__Information shown__:

■ ■ ■ ■ ■

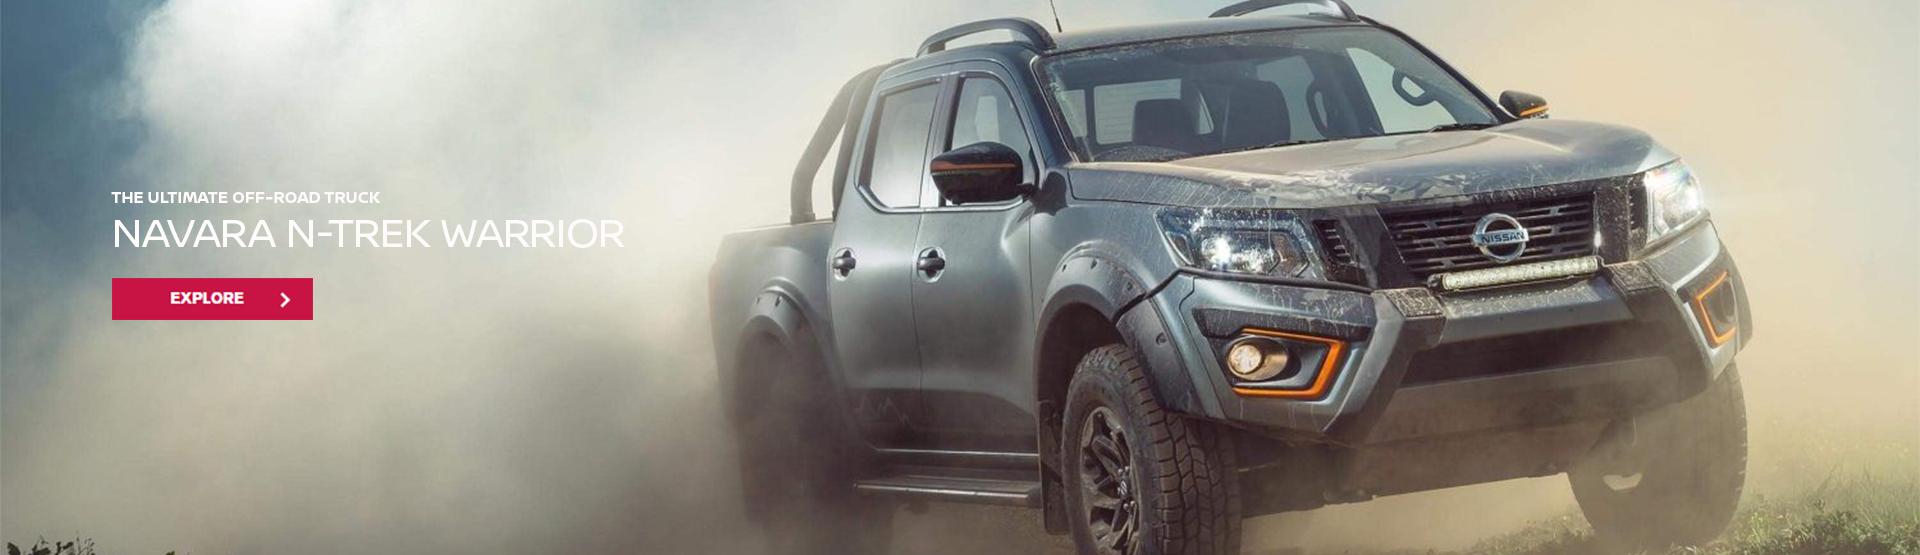 Nissan Narvara Warrior Exlpore now
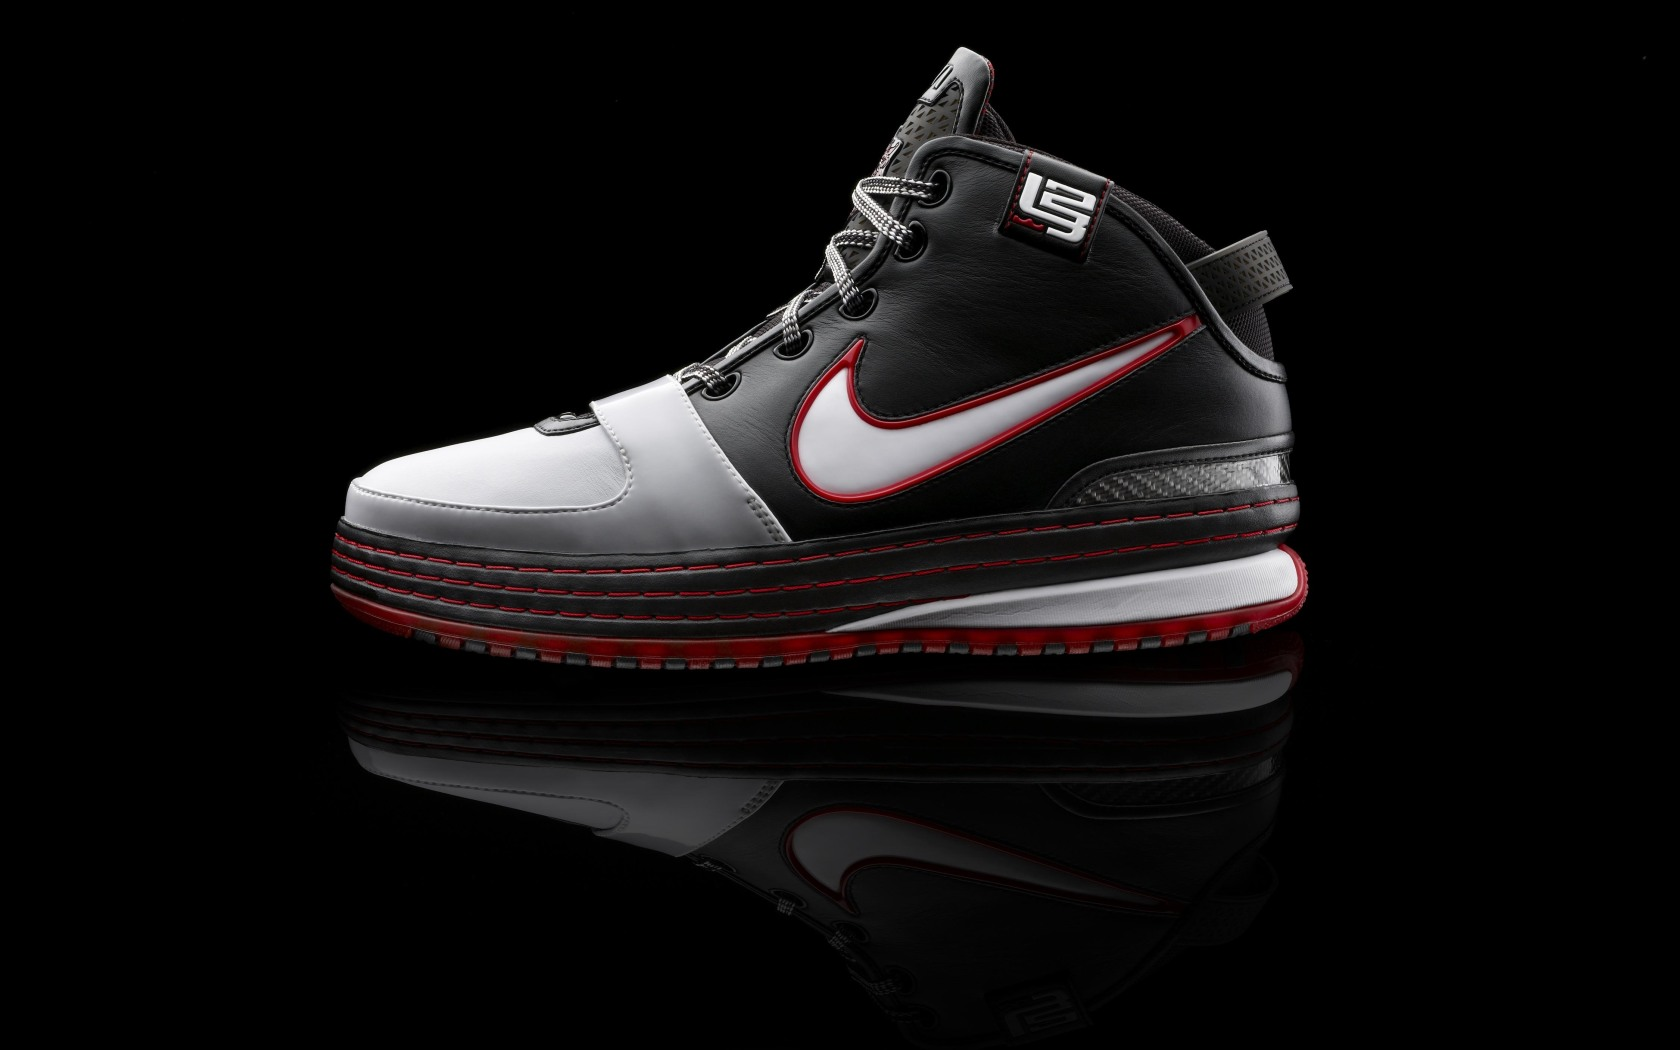 Lebron James Shoes | Wallpup.com
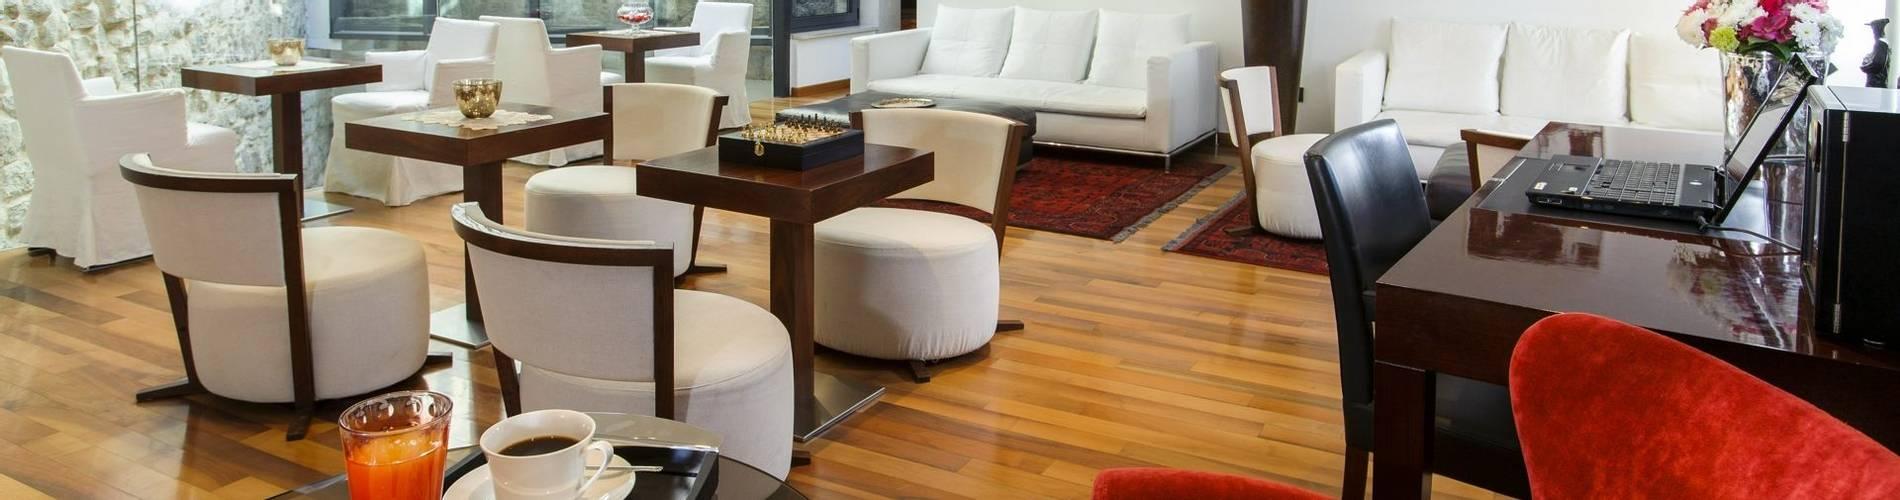 Residents-Lounge-Heritage-Marmont-Completely-Croatia.jpg

■ ■ ■ ■ ■

__What you have to do__: Images are to be omitted; repeat the remaining data above exactly.

__Response to this exercise__:
 Nissan Narvara Warrior Exlpore now
 Lebron James Shoes | Wallpup.com
 Residents-Lounge-Heritage-Marmont-Completely-Croatia.jpg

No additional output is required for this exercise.